There were seven teams participating in the OIFA in 1894. Portland University were crowned champions.

The teams finished the 1894 season with the following records:

| Team | Wins | Losses | Ties | Source |
|---|---|---|---|---|
| Portland University | 4 | 0 | 0 |  |
| Oregon Agricultural College | 3 | 1 | 0 |  |
| Willamette University | 2 | 4 | 1 | ^{[citation needed]} |
| Pacific University | 1 | 2 | 1 |  |
| University of Oregon | 1 | 2 | 1 |  |
| Pacific College | 1 | 3 | 0 | ^{[citation needed]} |
| Oregon Normal School | 0 | 4 | 0 |  |

===1895 season===

A meeting of college representatives was held in Salem on Saturday, October 5, 1895 to organize a schedule for the coming year. Attending were representatives of Portland University, Oregon Agricultural College, the University of Oregon, Pacific University, and new participant Willamette University. The 1894 season marked the first year of organized football for Willamette and the 1895 campaign would be their second. Oregon Normal School (today's Western Oregon State College) did not participate.

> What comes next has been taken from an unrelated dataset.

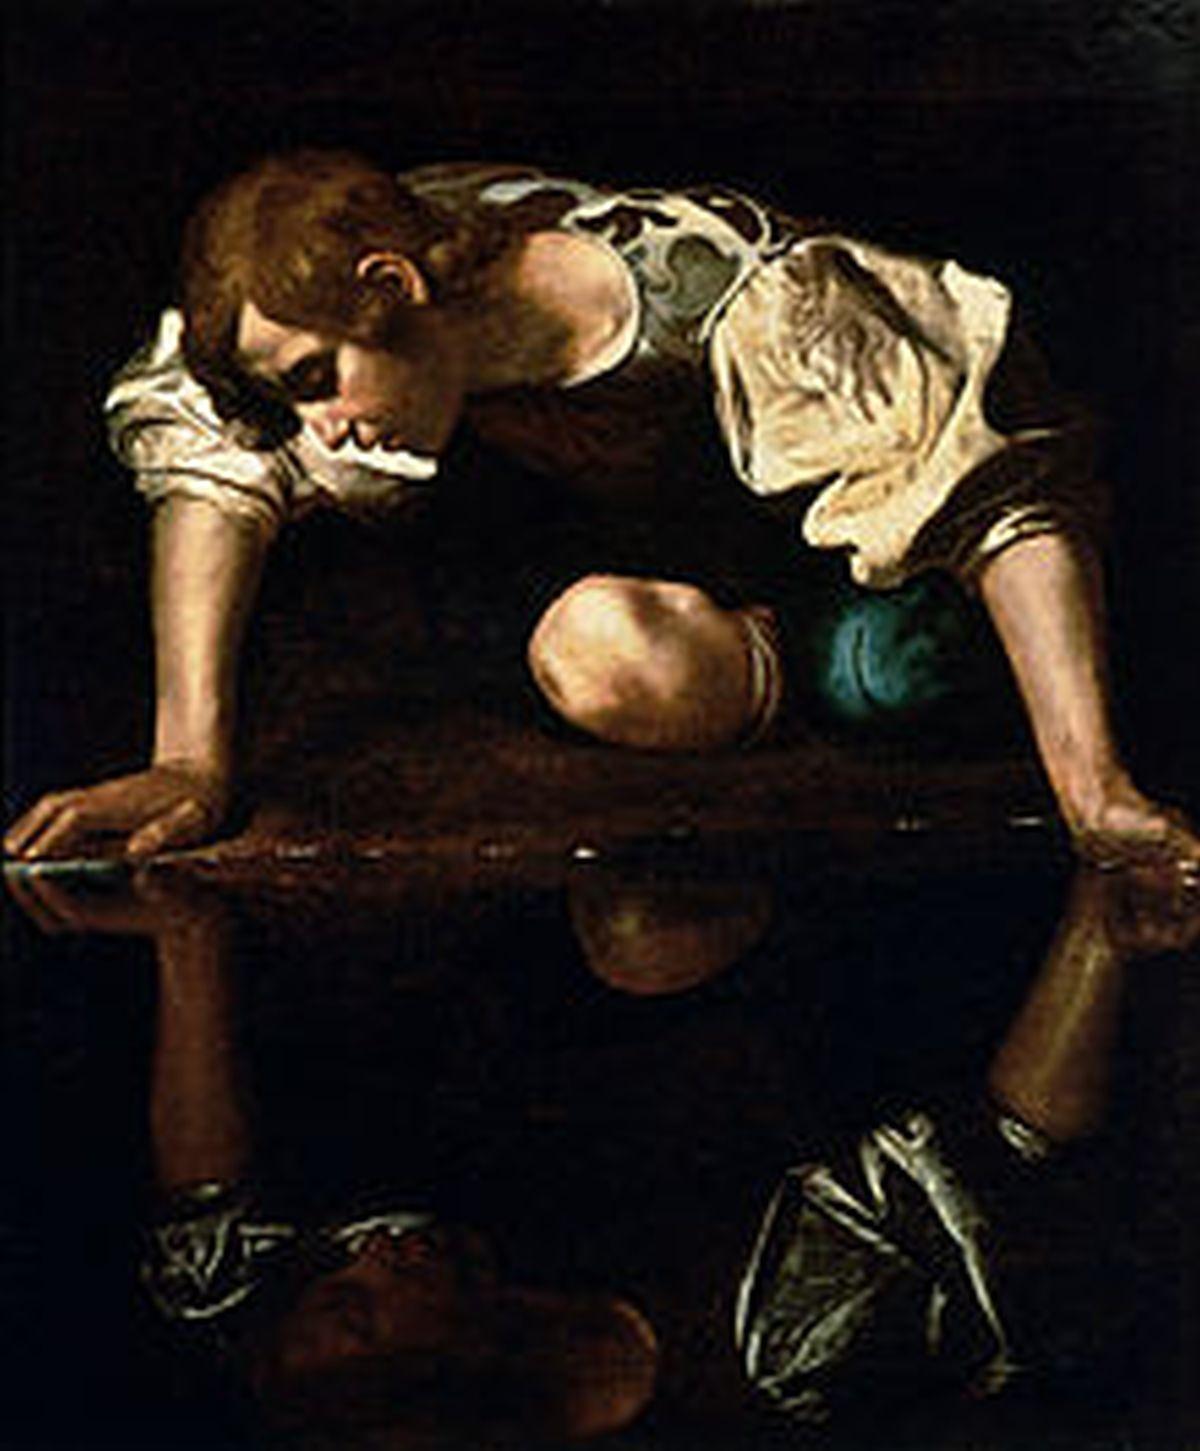 Narcissus Opens Instagram Account

President E. E. Washburne of Portland University was selected as president of the conference by virtue of his school having won the championship in 1894. The conference representatives agreed to accept the Harvard–Pennsylvania–Cornell rules for the 1895–96 season and adopted the Spalding No. J football as the official ball of the league. The University of Oregon Webfoots won their 1st football Conference/League Championship.

The teams finished the 1895 season with the following overall records:

| Team | Wins | Losses | Ties | Source |
|---|---|---|---|---|
| University of Oregon | 4 | 0 | 0 |  |
| Pacific University | 1 | 0 | 1 |  |
| Willamette University | 2 | 2 | 0 |  |
| Portland University | 0 | 1 | 0 |  |
| Oregon Normal School | 0 | 1 | 0 |  |
| Oregon Agricultural College | 0 | 2 | 1 |  |

===1896 season===

There were seven teams participating in the OIFA in 1896. Willamette University were crowned champions.

The teams finished the 1896 season with the following records:

| Team | Wins | Losses | Ties | Source |
|---|---|---|---|---|
| Willamette University | 2 | 0 | 1 |  |
| Pacific College | 2 | 0 | 0 |  |
| Pacific University | 1 | 0 | 0 |  |
| Oregon Agricultural College | 1 | 2 | 0 |  |
| Portland University | 0 | 0 | 0 |  |
| Oregon Normal School | 0 | 0 | 0 |  |
| McMinnville College | 0 | 3 | 0 |  |

===1897 season===

There were six teams participating in the OIFA in 1897. Oregon Agricultural College Aggies were crowned champions. They also went on the beat the Oregon Webfoots and Washington Sun-Dodgers and with those two wins, the team proclaimed themselves the "Champions of the Northwest".

The teams finished the 1897 season with the following records:

| Team | Wins | Losses | Ties | Source |
|---|---|---|---|---|
| Oregon Agricultural College | 5 | 0 | 0 |  |
| Pacific College | 2 | 2 | 0 |  |
| McMinnville College | 2 | 2 | 0 |  |
| Pacific University | 1 | 1 | 0 |  |
| Albany College | 0 | 1 | 0 |  |
| Oregon Normal School | 0 | 1 | 0 |  |

===1899 season===

The OIFA was relaunched for the 1899 football season but was abruptly scuttled midseason by the November 14 withdrawal of two conference members, the University of Oregon and Oregon Agricultural College, behind charges that Willamette University was enrolling "ringers" on its books for the sole purpose of playing football.

A story in the Eugene Guard declared:

"It is said that no less than eight of Willamette's eleven are 'grafters.' 'Spike' Young occupies a fat job in the state house; Ruben Sanders comes up from Chemawa for daily practice; Savage, a Salem blacksmith; two practicing physicians, two asylum employees. These are samples of the 'students' that play under Willamette colors."

From Salem came claims that OAC had developed a case of "cold feet" and that rather than face the "humiliation of defeat" at the hands of a superior Willamette squad the Orangemen had enlisted the University of Oregon to go along with the "juvenile prank" of quitting the association. "The Salem team ... entered the league in good faith, organized a team of the very best material available, employed a competent coach, and has been practicing very assiduously," it was noted — only to face the withdrawal of its two leading in-state competitors. Willamette therefore claimed the pennant of the Oregon Intercollegiate Football Association as champion as its own by default.

The declaration by Oregon and OAC that all agreement between them and the league were consequently "null and void" and a refusal to play further games with Willamette spelled a final end for the OIFA.